=== Exercise material ===

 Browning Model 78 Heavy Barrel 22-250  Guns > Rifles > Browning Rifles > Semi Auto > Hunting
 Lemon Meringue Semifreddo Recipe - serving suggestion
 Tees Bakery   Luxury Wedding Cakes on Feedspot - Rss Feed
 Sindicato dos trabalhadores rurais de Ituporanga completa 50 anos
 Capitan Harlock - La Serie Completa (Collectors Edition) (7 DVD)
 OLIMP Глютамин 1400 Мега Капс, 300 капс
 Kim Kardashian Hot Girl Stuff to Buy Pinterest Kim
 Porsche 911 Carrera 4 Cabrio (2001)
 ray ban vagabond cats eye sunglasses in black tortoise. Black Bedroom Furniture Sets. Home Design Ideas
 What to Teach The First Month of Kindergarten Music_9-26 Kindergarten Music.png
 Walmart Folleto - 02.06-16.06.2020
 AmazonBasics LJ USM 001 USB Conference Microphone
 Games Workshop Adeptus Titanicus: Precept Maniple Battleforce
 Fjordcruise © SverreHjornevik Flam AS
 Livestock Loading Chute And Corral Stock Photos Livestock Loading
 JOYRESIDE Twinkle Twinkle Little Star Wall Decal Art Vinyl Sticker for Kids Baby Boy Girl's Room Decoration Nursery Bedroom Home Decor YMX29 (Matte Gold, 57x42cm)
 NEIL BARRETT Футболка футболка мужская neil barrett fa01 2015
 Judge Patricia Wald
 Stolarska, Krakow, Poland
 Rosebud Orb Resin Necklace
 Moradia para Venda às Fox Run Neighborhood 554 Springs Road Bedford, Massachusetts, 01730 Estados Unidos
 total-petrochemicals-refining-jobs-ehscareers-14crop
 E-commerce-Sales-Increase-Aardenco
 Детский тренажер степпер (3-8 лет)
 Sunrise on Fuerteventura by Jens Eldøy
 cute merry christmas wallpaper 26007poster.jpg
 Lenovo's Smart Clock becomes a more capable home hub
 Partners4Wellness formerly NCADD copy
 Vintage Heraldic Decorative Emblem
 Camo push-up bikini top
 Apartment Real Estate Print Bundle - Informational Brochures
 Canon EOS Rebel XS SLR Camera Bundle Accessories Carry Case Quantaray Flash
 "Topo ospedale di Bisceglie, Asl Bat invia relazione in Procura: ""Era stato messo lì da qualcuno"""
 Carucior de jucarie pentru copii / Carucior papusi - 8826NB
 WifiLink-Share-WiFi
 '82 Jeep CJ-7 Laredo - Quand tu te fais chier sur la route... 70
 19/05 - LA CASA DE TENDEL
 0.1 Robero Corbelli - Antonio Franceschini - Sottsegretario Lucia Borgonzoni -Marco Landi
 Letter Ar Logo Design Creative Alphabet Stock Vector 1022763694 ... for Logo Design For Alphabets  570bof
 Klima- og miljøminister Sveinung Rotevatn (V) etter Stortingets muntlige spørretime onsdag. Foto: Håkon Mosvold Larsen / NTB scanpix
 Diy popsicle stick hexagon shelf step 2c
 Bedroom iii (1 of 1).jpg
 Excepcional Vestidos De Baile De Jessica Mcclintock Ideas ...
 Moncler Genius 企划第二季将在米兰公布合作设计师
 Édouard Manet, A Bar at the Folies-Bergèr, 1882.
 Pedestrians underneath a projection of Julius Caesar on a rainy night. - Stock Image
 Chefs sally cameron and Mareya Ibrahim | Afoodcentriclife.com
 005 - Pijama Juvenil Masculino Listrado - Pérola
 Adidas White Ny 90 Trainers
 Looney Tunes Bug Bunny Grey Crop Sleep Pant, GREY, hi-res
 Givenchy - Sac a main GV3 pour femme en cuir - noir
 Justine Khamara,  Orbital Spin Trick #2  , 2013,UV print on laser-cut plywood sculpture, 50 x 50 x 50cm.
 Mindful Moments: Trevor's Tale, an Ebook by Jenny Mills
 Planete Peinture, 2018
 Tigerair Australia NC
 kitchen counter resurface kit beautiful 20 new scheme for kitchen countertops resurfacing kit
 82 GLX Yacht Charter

===

*Exercise instructions:* Would you please write out, exactly and with no other lines, the stretch of the listing above from the line containing "Partners4Wellness formerly NCADD copy" through the line containing "WifiLink-Share-WiFi"?

*Answer to the exercise:*
 Partners4Wellness formerly NCADD copy
 Vintage Heraldic Decorative Emblem
 Camo push-up bikini top
 Apartment Real Estate Print Bundle - Informational Brochures
 Canon EOS Rebel XS SLR Camera Bundle Accessories Carry Case Quantaray Flash
 "Topo ospedale di Bisceglie, Asl Bat invia relazione in Procura: ""Era stato messo lì da qualcuno"""
 Carucior de jucarie pentru copii / Carucior papusi - 8826NB
 WifiLink-Share-WiFi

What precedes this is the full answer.